I had a discussion recently with a young friend of mine about the possibility that I might be reborn as a tree

:-)

He was exasperated that a sentient, intellectually able individual such as myself might believe in the concept of the soul. It was only after much coaxing and cajoling that he was prepared to say that IF it were possible to be reborn [and this was a massive IF, relying as it did on a totally irrational and fallacious concept], then he might like to be reborn as a whale! During our debate it was clear that he drew no distinction between his intellect/thinking and who he was as a being. He literally believed that He Thought Therefore He Was. ‘My thinking is my being’

I was trying to get him to explore what happens when thinking is ‘turned down’ as for instance during the act of meditation. What happens before the development of formal operational thinking in a young child?

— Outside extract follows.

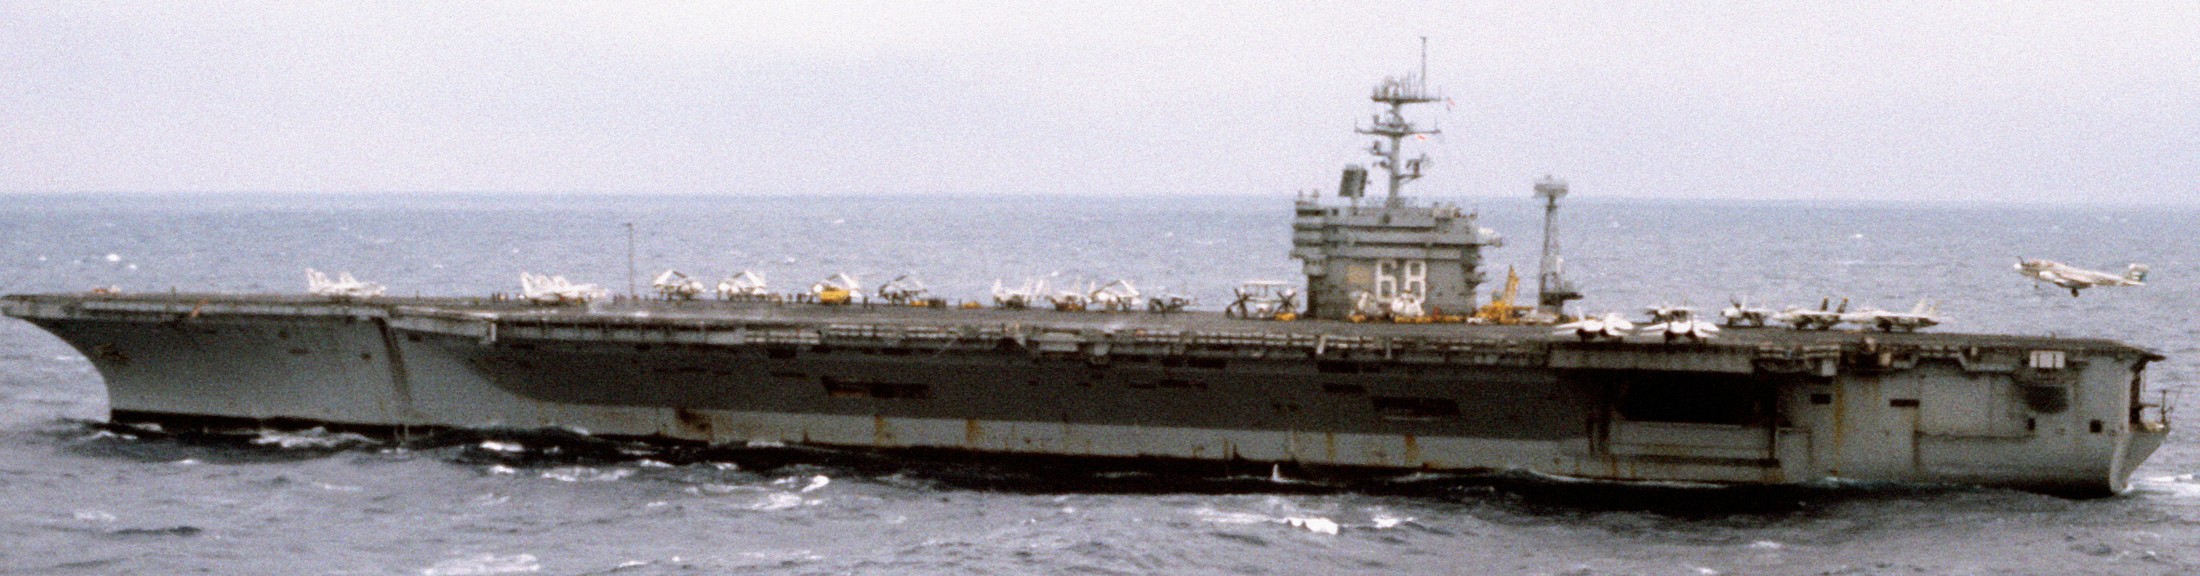 cvn-68 uss nimitz aircraft carrier air wing cvw-8 us navy 37

For me there is a clear duality in my being –the thoughts that I have and the being that I am. The thoughts and actions I am engaged in may be tools of expression for my soul or may be a chattering distraction from who I am. To imagine that my thoughts and actions constitute who I am would be like saying that the computer VDU screen IS the computer and that when it is switched off the computer no longer exists!

Ok so my advice for this week- for the improvement of your soul- is to demonstrate to yourself fist of all that it exists. Experiment a little with your thoughts and see if you can just turn them down. Take some time out, maybe 5 or 10 minutes and say ‘I will see what happens when I let go of my thinking’. Make sure that you won’t be disturbed. Find somewhere to sit comfortably. Close your eyes and imagine a very large tree by the side of a gently flowing river. As a thought arises in your mind imagine that it is a leaf on the tree falling into the river and being carried away. Each new thought becomes a falling leaf and is carried away.

Now ask: Did you cease to exist just then or was your existence enhanced?